Pour une création ou une reprise postérieure au 1er avril 2025, le second versement suppose que l’activité existe toujours et que le bénéficiaire n’occupe pas un CDI à temps plein. Il faut pouvoir en apporter la preuve à France Travail. Un démarrage suivi rapidement d’un CDI à temps plein peut donc remettre en cause cette seconde moitié.

ARCE ou maintien de l’ARE : quel choix est le plus rationnel ?

L’ARCE est cohérente lorsque le projet exige une dépense de départ identifiée : matériel, dépôt de garantie, stock ou besoin en fonds de roulement. Elle peut aussi renforcer l’apport présenté à une banque. Encore faut-il avoir chiffré le besoin. Utiliser le capital pour payer ses dépenses personnelles pendant plusieurs mois revient à déplacer le risque, pas à financer l’entreprise.

Le maintien de l’ARE convient souvent mieux à une activité peu capitalistique et incertaine, par exemple un freelance qui cherche encore ses premiers clients. L’allocation est alors versée mensuellement et ajustée selon les revenus déclarés. Depuis le 1er avril 2025, le cumul avec les revenus d’une activité non salariée est plafonné à 60 % des droits restants au démarrage de l’activité.

Votre situation Option à examiner en priorité
Investissement initial réel et revenus déjà assez prévisibles ARCE
Peu de frais de lancement et chiffre d’affaires irrégulier Maintien de l’ARE
Besoin d’un revenu personnel régulier Maintien de l’ARE
Besoin d’un apport pour financer le projet ARCE, après budget de trésorerie

Le choix a aussi un effet social. Service Public Entreprendre précise que l’ARCE, à elle seule, ne permet pas de valider des trimestres de retraite de base. Le maintien de l’ARE permet cette validation lorsque vous restez inscrit comme demandeur d’emploi. Les revenus de votre nouvelle activité peuvent toutefois créer leurs propres droits selon le statut et le niveau de cotisations.

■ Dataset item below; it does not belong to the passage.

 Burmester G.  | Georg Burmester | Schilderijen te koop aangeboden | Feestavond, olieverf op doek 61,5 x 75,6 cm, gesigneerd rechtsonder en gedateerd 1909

Comment demander l’ARCE à France Travail ?

Commencez par informer France Travail de votre projet et faites confirmer vos droits à l’ARE. Créez ou reprenez ensuite l’activité en respectant la chronologie applicable, puis accomplissez les démarches nécessaires pour bénéficier de l’ACRE.

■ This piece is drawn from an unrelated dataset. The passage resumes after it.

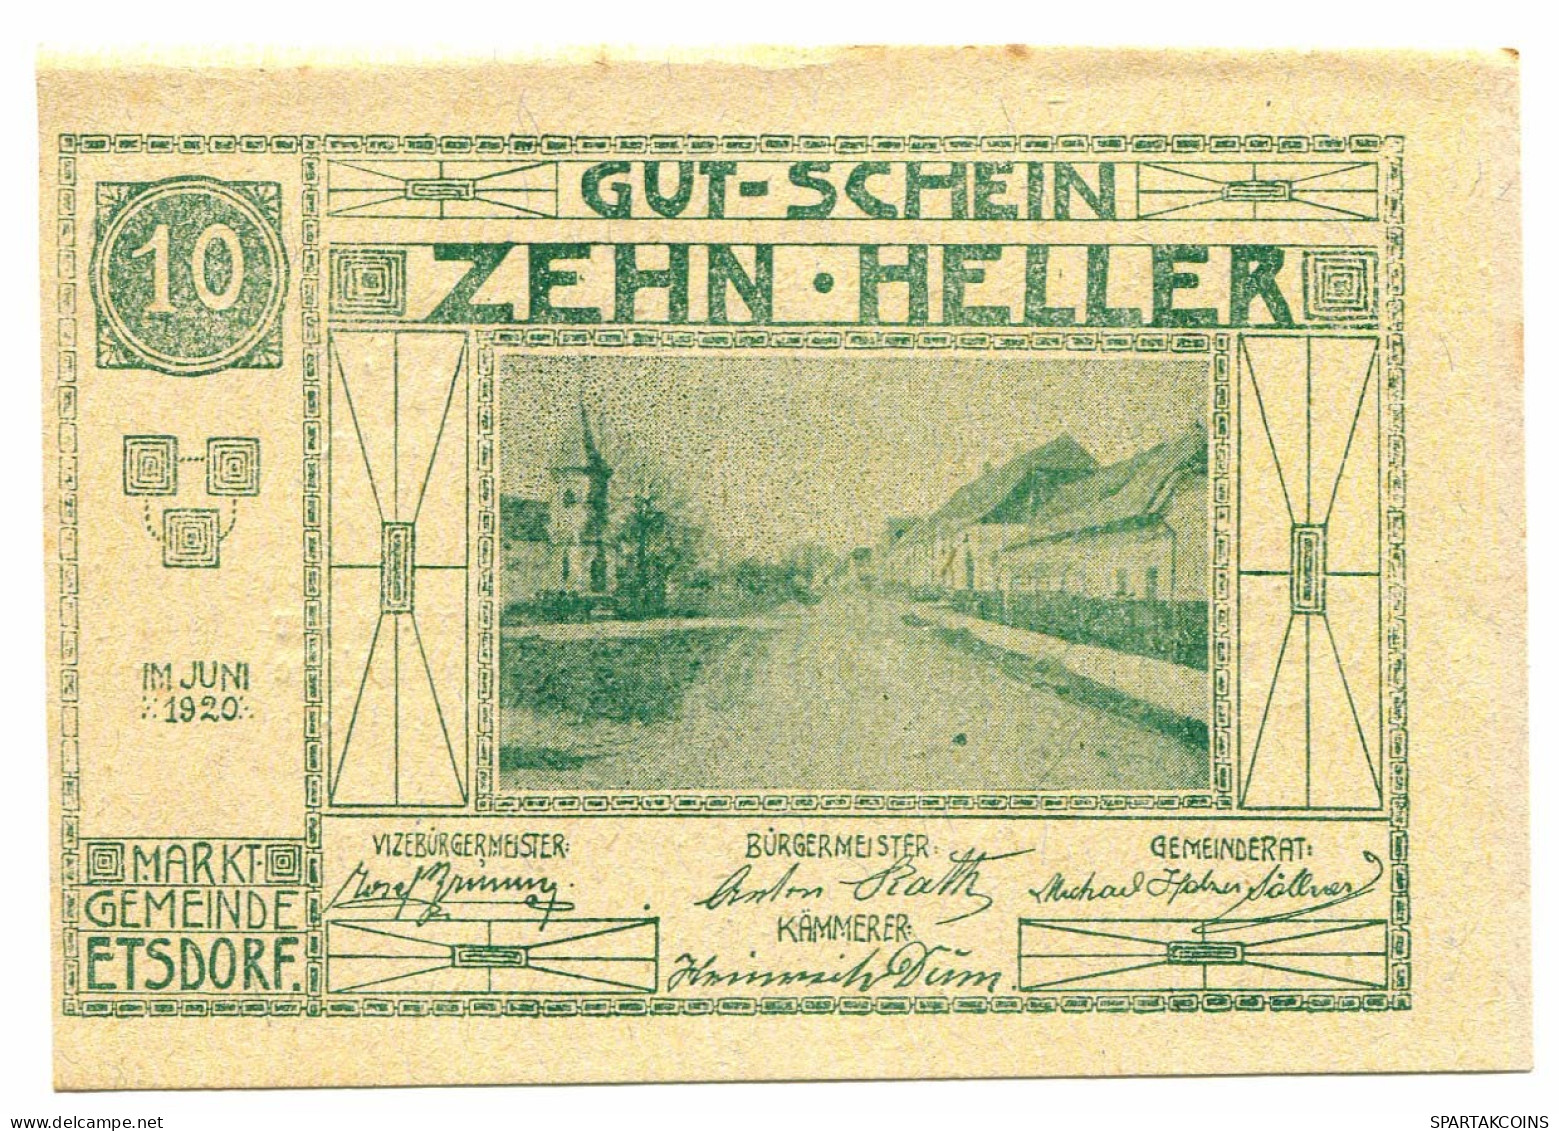 10 Heller 1920 ETSDORF AM KAMP Österreich UNC Notgeld Papiergeld Banknote #P10343 - [11] Local Banknote Issues

La demande d’ARCE est adressée à France Travail avec un justificatif de création ou de reprise. L’organisme accepte notamment une synthèse INPI validée et définitive, un extrait Kbis ou un document équivalent. Si votre activité commerciale nécessite ce document, vérifiez ce que contient réellement un extrait Kbis avant de constituer le dossier. Pour une micro-entreprise, France Travail peut également demander le justificatif d’attribution de l’ACRE.

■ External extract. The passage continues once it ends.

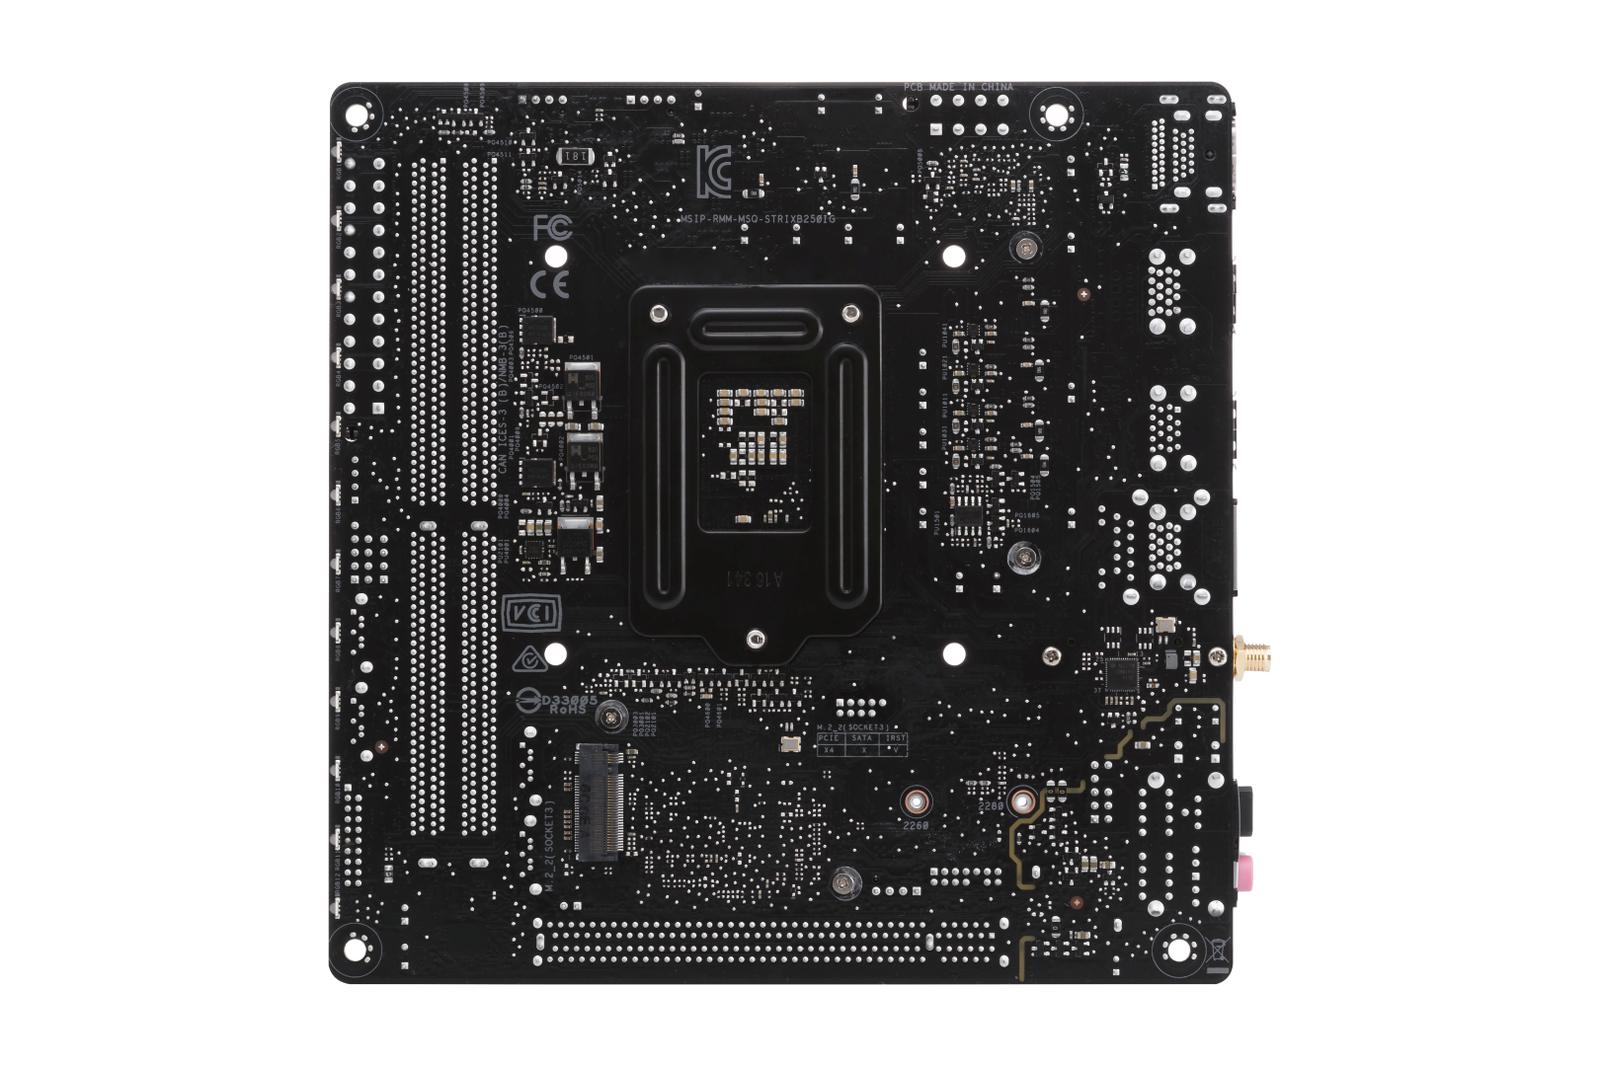 Asus ROG STRIX B250I GAMING Mini ITX LGA 1151

Avant de signer la demande, posez trois chiffres sur une feuille : vos droits restants confirmés, vos dépenses professionnelles des six prochains mois et votre budget personnel minimal. L’ARCE devient pertinente si le capital finance un besoin professionnel concret sans vous laisser sans revenu. Sinon, le maintien mensuel de l’ARE offre généralement une transition plus lisible.